Использовать свет маяка для освещения палубы было абсолютно
бесполезно. Вместе с тем, отсутствие света давало и большой
выигрыш. Если отрицательным фактором была возможность
столкнуться в темноте с какой-либо опасностью, так как я шел
наугад и ничего не видел, и даже покалечиться, то положительным
фактором было то, что другие люди не видели, куда я направляюсь.
Взявшись за руки, раскачиваясь и спотыкаясь, я и Мэри,
словно пьяные, брели вперед, пересекая палубу и направляясь к
квадратному пятну света, отбрасываемого на палубу из невидимого
нам окна. Мы дошли до двери на южной стороне, расположенной за
ближайшим углом, и укрылись там от ветра. Не успел я нагнуться,
чтобы посмотреть в замочную скважину, как Мэри схватилась за
ручку, толкнула дверь и вошла в небольшой неосвещенный коридор.
Чувствуя себя довольно глупо, я выпрямился и последовал за ней.

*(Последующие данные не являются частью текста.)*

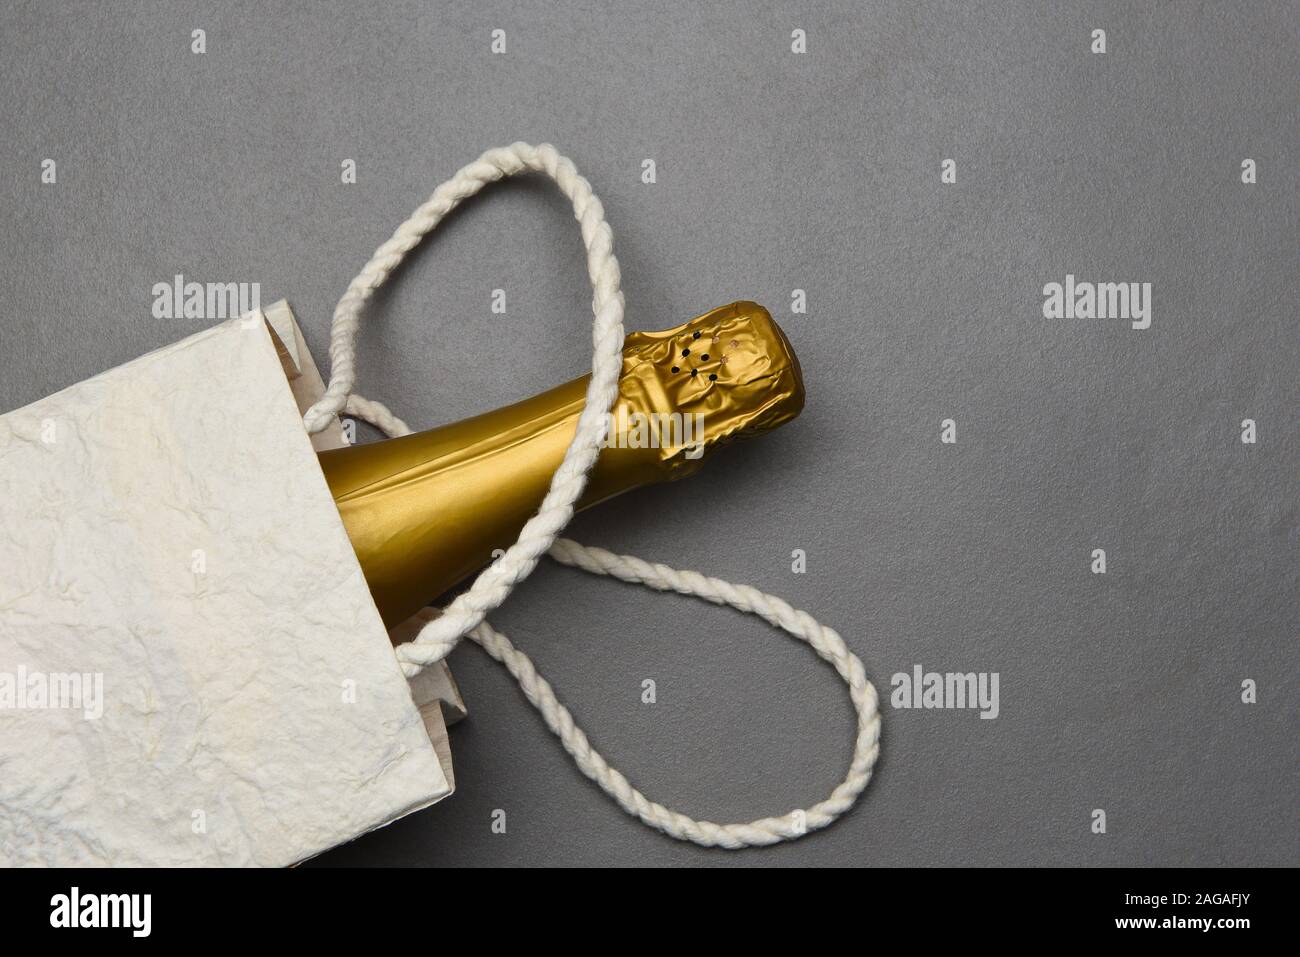 Champagne: Gift Bag with a bottle of sparkling wine on gray tile surface. Stock Photo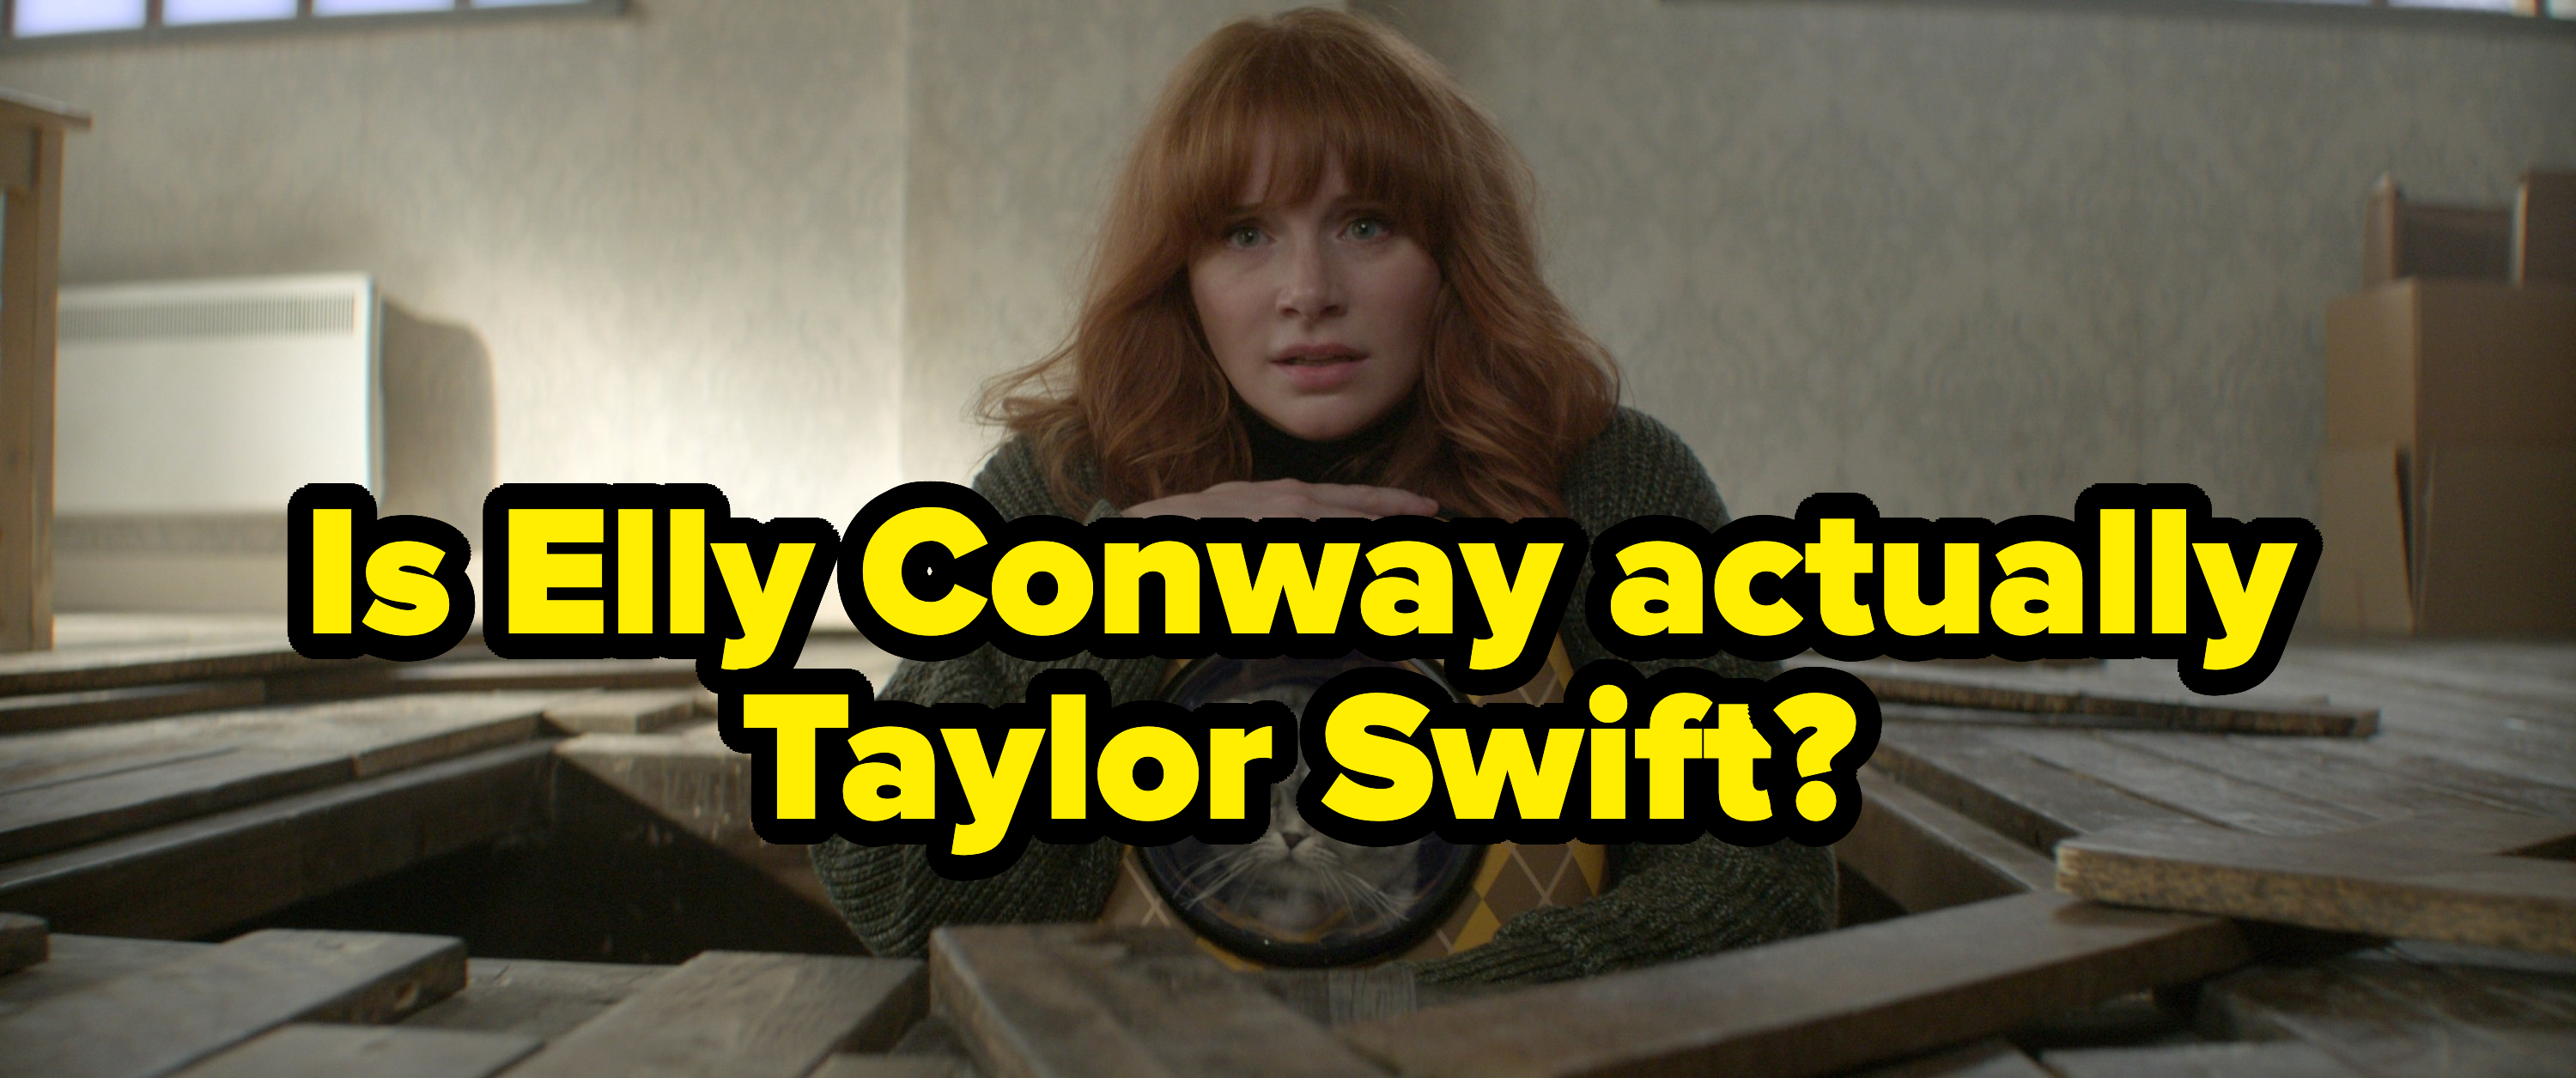 &quot;Is Elly Conway actually Taylor Swift?&quot;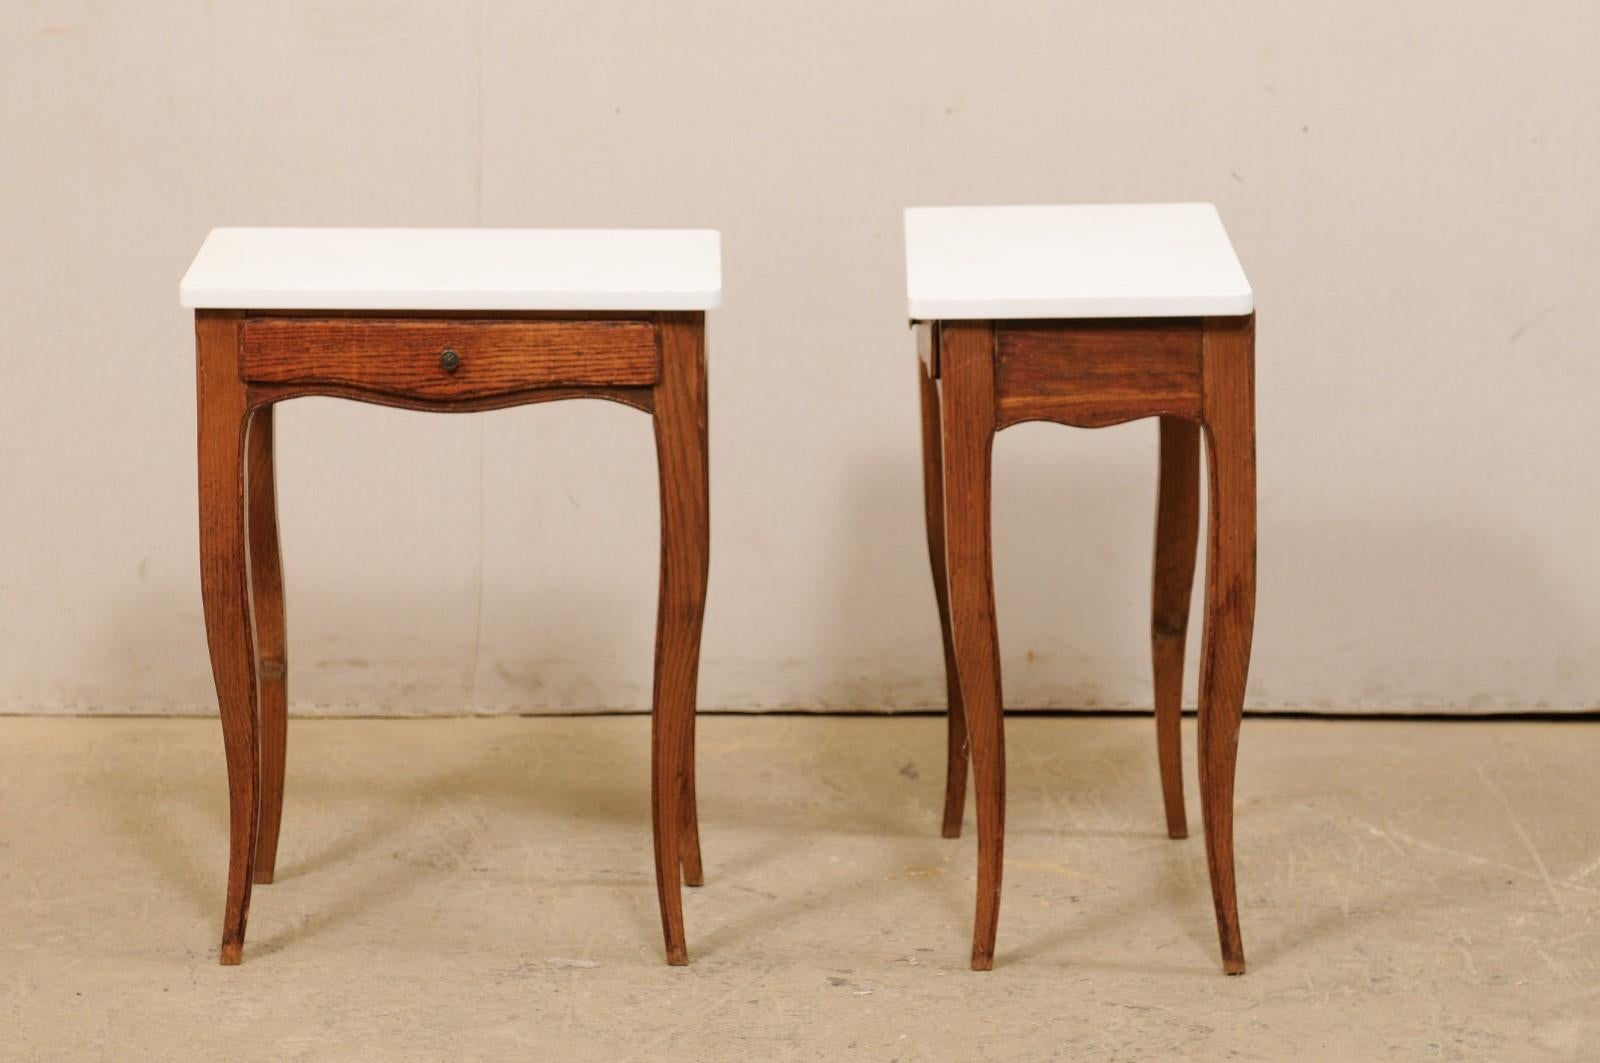 Pair of 1920s French Single-Drawer Side Tables with New White Quartz Tops For Sale 5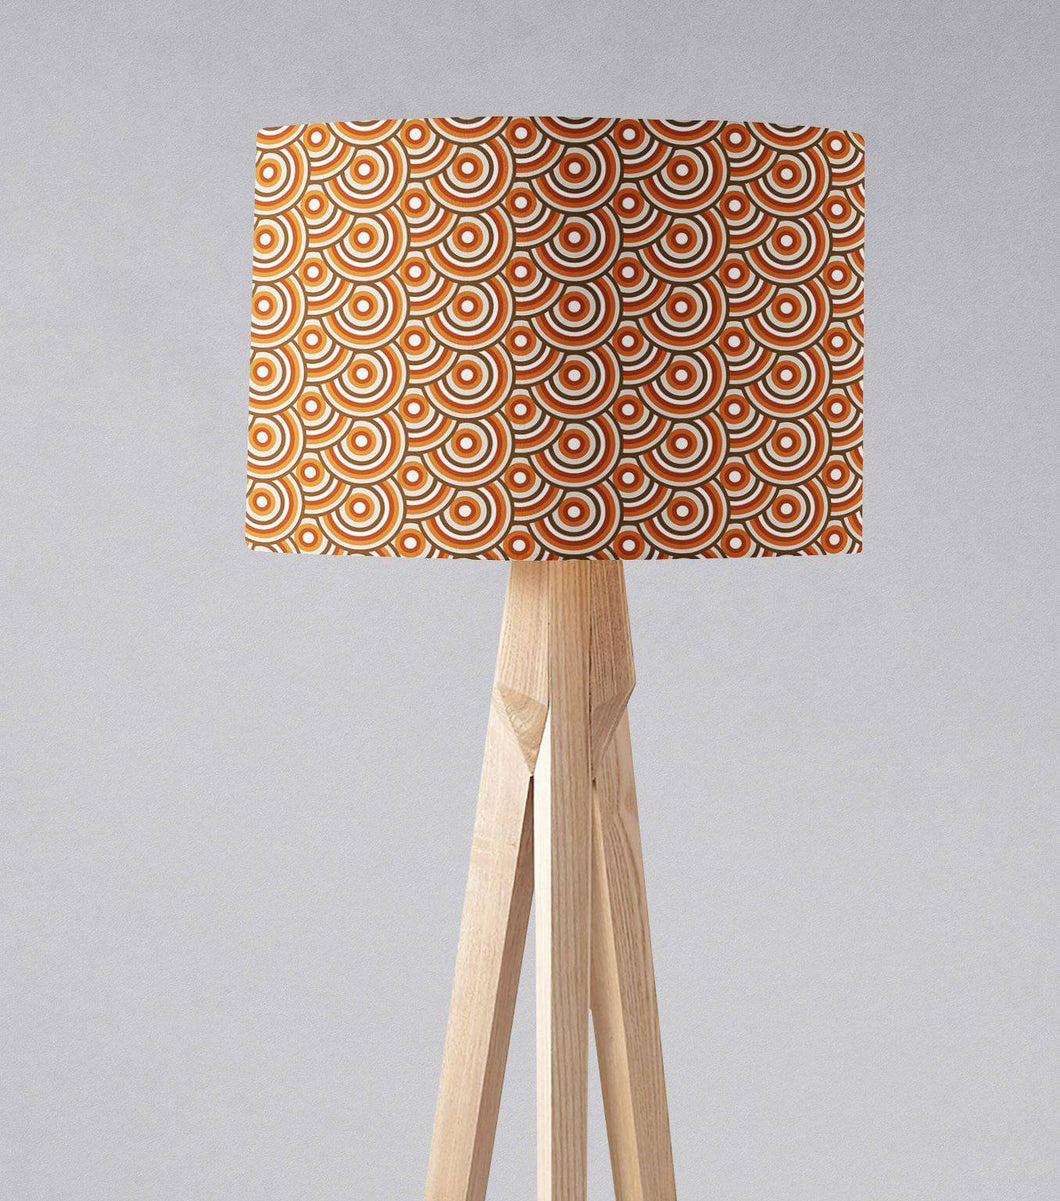 Brown Retro 1970's Circles Design Lampshade, Ceiling or Table Lamp Shade - Shadow bright

Она тихо прикрыла за нами дверь.
-- Входная дверь -- в дальнем конце справа, -- прошептала она.
Затем обхватила обеими руками мою шею и прошептала на ухо: -- Мне
кажется, в радиорубке кто-то есть. -- На расстоянии полуметра
голоса ее никто бы не услышал.
Я замер и прислушался. Руки Мэри все еще обвивали мою шею. В
другое время я мог бы простоять так всю ночь. Но сейчас время
было самое неблагоприятное:
-- А может, они просто оставили свет, чтобы оператор не
сбился с пути по дороге к рубке, если зазвонит сигнал тревоги?
-- Мне кажется, я слышала какое-то движение, -- прошептала
она.
-- Сейчас некогда осторожничать. Оставайтесь в коридоре, --
пробормотал я. -- Все будет, как надо, -- я ободряюще пожал ее
руки, снимая их со своей шеи и горько размышляя о том, что
Тальботу "везет", как всегда. Затем прошел вверх по коридору,
открыл дверь и вошел в радиорубку.
Какое-то мгновение я стоял в дверях, мигая от яркого света,
но мигая не слишком быстро, чтобы успеть разглядеть того, кто
был в радиорубке. Крупный дородный парень, сидящий у радиостола,
повернулся на вращающемся стульчике, как только открылась дверь.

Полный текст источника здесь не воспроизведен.